Is Nike An Ally Now?

A Nike ad featuring Colin Kaepernick is seen on Sept. 8 in New York City. (ANGELA WEISS via Getty Images)
A Nike ad featuring Colin Kaepernick is seen on Sept. 8 in New York City. (ANGELA WEISS via Getty Images)

Last week, Nike released its 30th anniversary “Just Do It” campaign featuring Colin Kaepernick with the slogan, “Believe in something, even if it means sacrificing everything,” and a video that touches on issues of ability and racial injustice, and gives media space to consider Kaepernick’s work against police brutality.

There have been a variety of responses. Some conservative folks including President Donald Trump have decried or vowed to boycott Nike. Others have gone as far as to destroy their Nike gear (destroying stuff you already paid for will sure show ’em). Many others have praised Nike, purchased more gear, resulting in a 31 percent increase in online sales since the campaign’s release, and are elevating Nike as an ally or hero in the movement for black lives.

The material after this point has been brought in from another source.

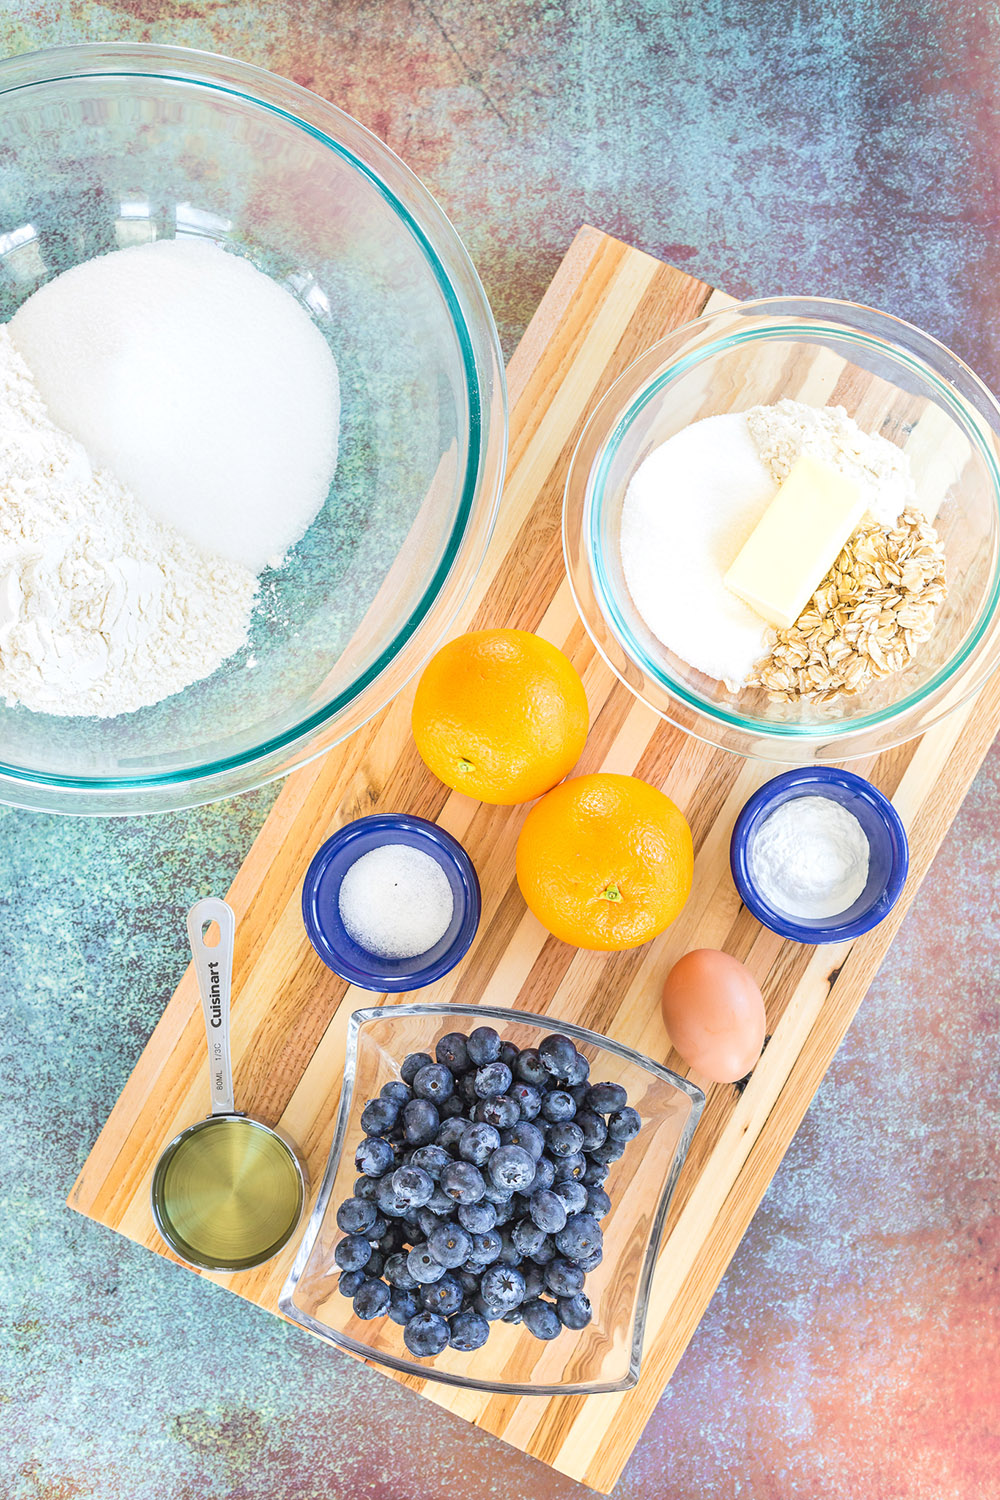 Oranges, blueberries, and other ingredients to make muffins on a board.

Some in more self-proclaimed progressive spaces are shaking their heads at the campaign, calling it nothing more than a corporation riding the wave of athlete activism and marketing to a younger and more diverse crowd to make more money.

Nike is a lot like many (white) liberals who historically show up late after the major violence and vitriol of a movement and claim to be allies.

My immediate question when the campaign launched was, “Where was Nike four years ago?” Where was this multibillion-dollar corporation when black people were being tear-gassed as we resisted the very police brutality that Kaepernick later protested? What did it have to say about the value of black bodies outside of sports and the injustices in the United States before an NFL quarterback ever took a knee?

Where was Nike even two years ago when Kaepernick started his protests? Where was it when it was more dangerous or costly to associate with him while he was tied to the NFL?

Nike is a lot like many (white) liberals who historically show up late and after the major violence or vitriol of a movement. They expect praise or to be called “woke” after the primary risk is gone. They call themselves allies without paying real costs and are able to talk the talk and equate it with being down for a cause.

It is much easier to put a safety pin on your clothing or change your Facebook banner to an inclusive message rather than putting jobs, reputations and relationships on the line to interrupt systemic oppression. Much of modern “activism” is simply progressive projection with no cost. White liberals and Nike alike often show up when the danger has mostly passed and the risk is much lower.

Nike is late to the movement and still problematic in probably more ways than it is not, including its constant labor disputes and a history of using sweatshops to create its products. However, it has taken a step as a corporation that has been meaningful for people around the country. It showed up and put its logo on the cause of justice. Yes, it is commodifying justice in some ways, but it is also creating the context to normalize the movement against police brutality. Those are not mutually exclusive.

For progressives, it is easy to see this little bit of progress as no progress and to never be able to affirm the steps forward, all in the name of a mythological pure justice where people are birthed as automatic anti-racists. Yet, no one pops out of the womb actualized; people (and companies) grow and find their way.

This is a lesson for all allies: Show up soon, show up often.

If we never stop to engage with the small things worth celebrating, we will likely win fewer people over to the cause of justice. No, we shouldn’t spend our energy coddling allies for finally doing the right thing. Rather, we should be able to recognize that progress matters, that people change, that your racist uncle is no longer using the phrase “mulatto” or “colored people” and that’s a good thing. Doing something is certainly better than doing nothing.

Is it possible to see the imperfection of a situation and still recognize where some degree of progress is being made? It is easy to believe that no progress is ever good enough, that if people or corporations have complicity and oppression in their past, then no move forward counts; however, almost no movement has thrived by decrying progress.

So yes, Nike is problematic. It is leaning on capitalism, a primary tool of white supremacy, to show up for the movement in some way. It also uses cheap labor. It has gender discrimination suits against it. It jumped on the movement late and in a way that blatantly benefits it. It’s all true.

But at least it did something. Unlike other corporations that have worked with the Trump campaign or done business with the National Rifle Association, Nike centered the marginalized and our experiences. Nike made a statement. Nike did it.

Nike put a light-skinned, afro-wearing, controversial activist in the spotlight and gave him the capacity to continue his on-the-ground community development work. It created a day of celebration for black folks to feel seen and heard, if even in a small way, by having our issue at the center of a major campaign. It centered people of differing abilities and races in a campaign and touted Serena Williams, a woman, as the greatest athlete of time.

Now Nike has a responsibility to not just pay lip service to the movement, but to do what its campaign says, to sacrifice and to work hard against police brutality and violence against black bodies. Like all allies, talk is cheap and social media campaigns only go so far. It needs to follow its own slogan and just do it.

This is a lesson for all allies, show up soon, show up often, but if you happen to show up late, it’s not about you being the hero, but about the heroes that came before you who paved the way for you to join at all.

Brandi Miller is a campus minister and justice program director from the Pacific Northwest.